La ley de cupo laboral trans, también llamada Diana Sacayán en reconocimiento a la militante matancera que impulsó la sanción de la ley, establece que el 1% de los cargos provinciales deben ser destinados a personas travestis, transexuales y transgénero “que reúnan las condiciones de idoneidad para el cargo”.

La ley busca incluir en el sistema a una población históricamente desprotegida y vulnerada.
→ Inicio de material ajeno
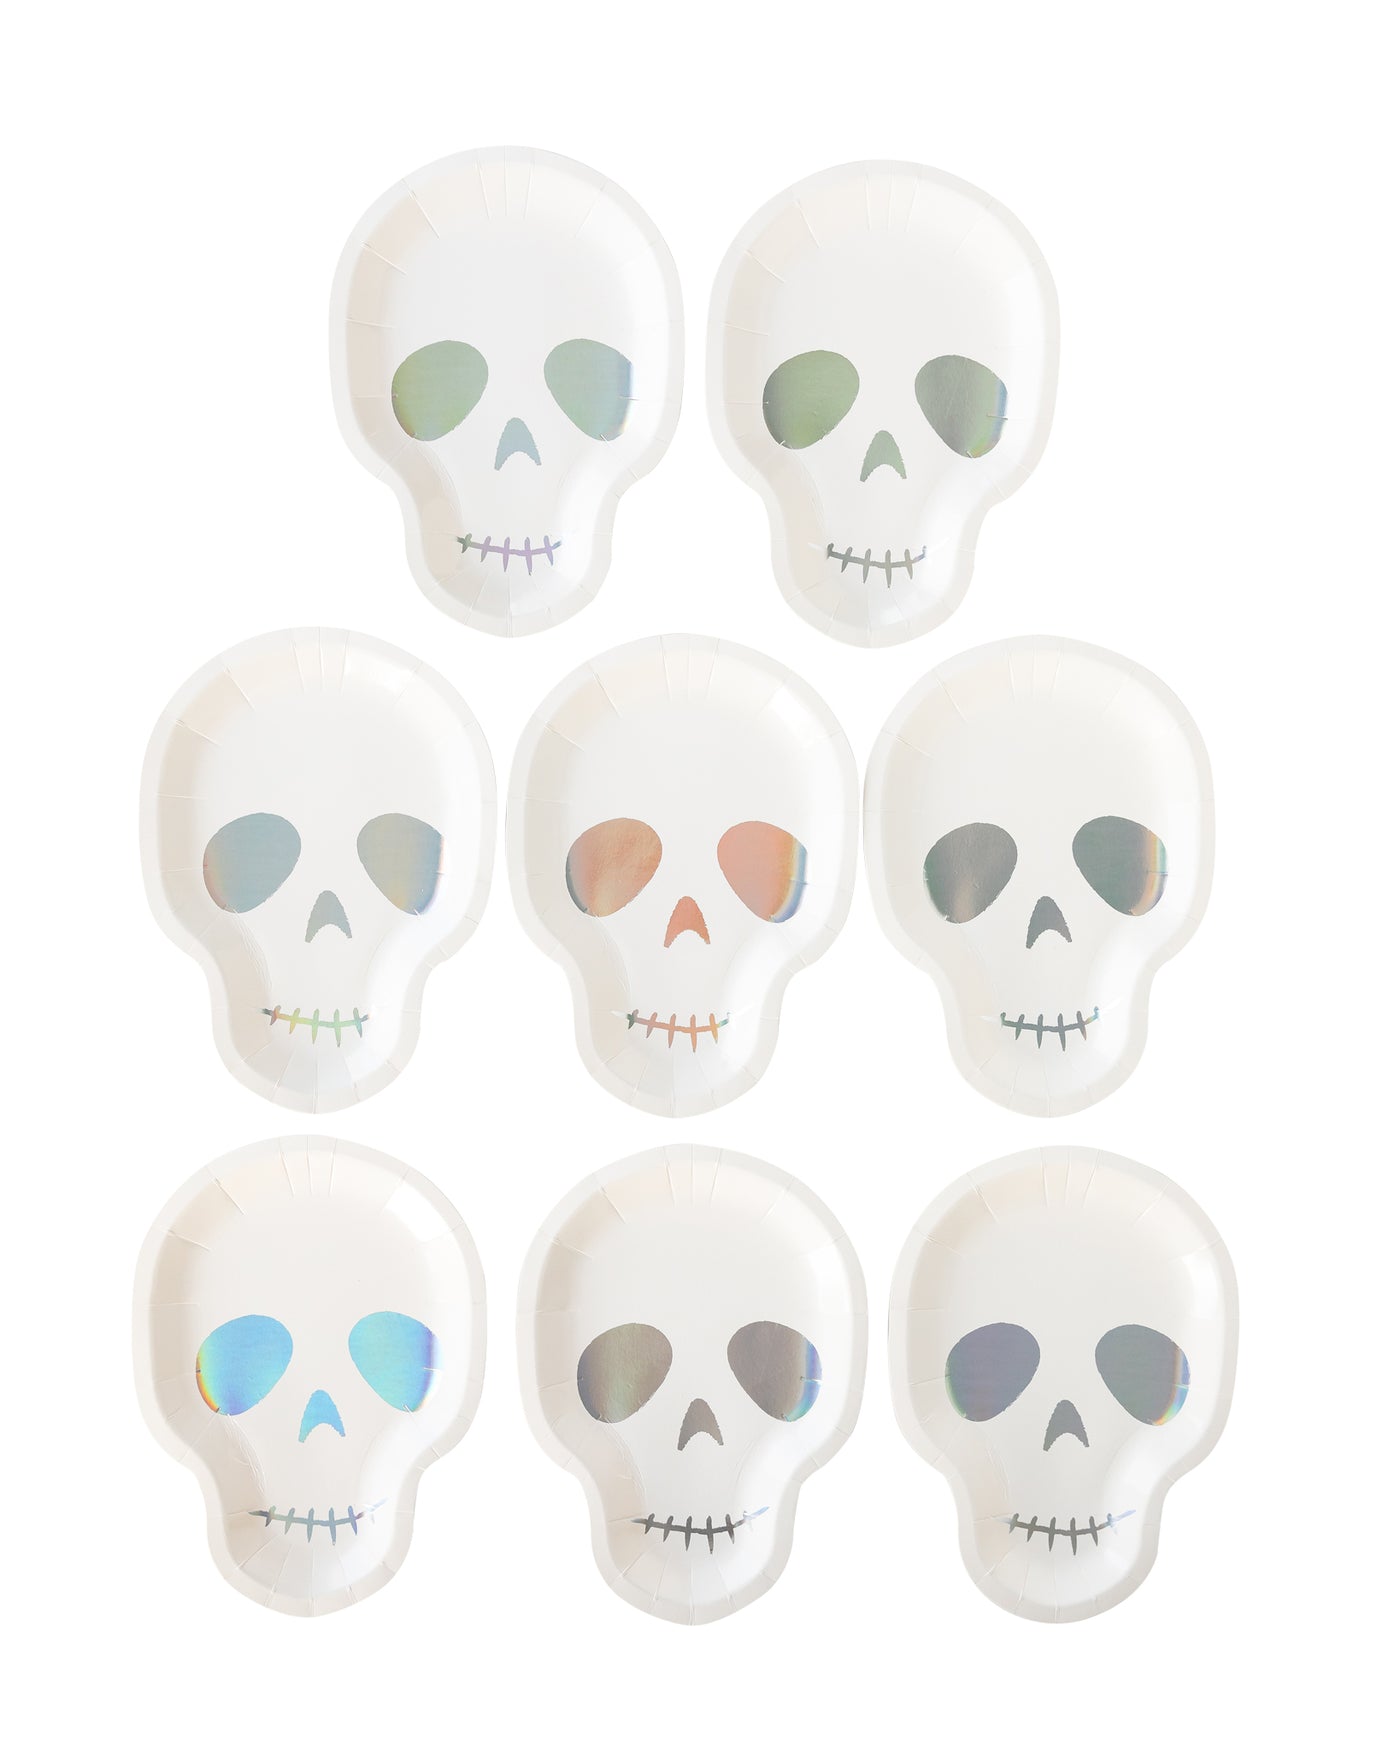 PLTS337G - Holographic Skull Shaped Plates

Según datos de la Agencia Presentes, el 18% de las personas travestis trans accedieron alguna vez a un trabajo formal y al menos el 80% de las personas travestis y trans está o estuvo en situación de prostitución.

Son datos de 2014, pero dan cuenta de un destino al que conducen las distintas formas de exclusión, que explican por qué el promedio de vida de las personas de esta comunidad es de 35 años. Por eso la inclusión de esta población en sistema laboral es el eje de la ley.

De hecho, de haber estado aplicada la normativa, el Consejo Escolar tendría que haber incorporado este año en el listado de aspirantes para auxiliar a la comunidad trans. Según estimó Schvartzman, el municipio tiene un registro con 50 personas trans anotadas para poder ocupar los lugares que deja el cupo.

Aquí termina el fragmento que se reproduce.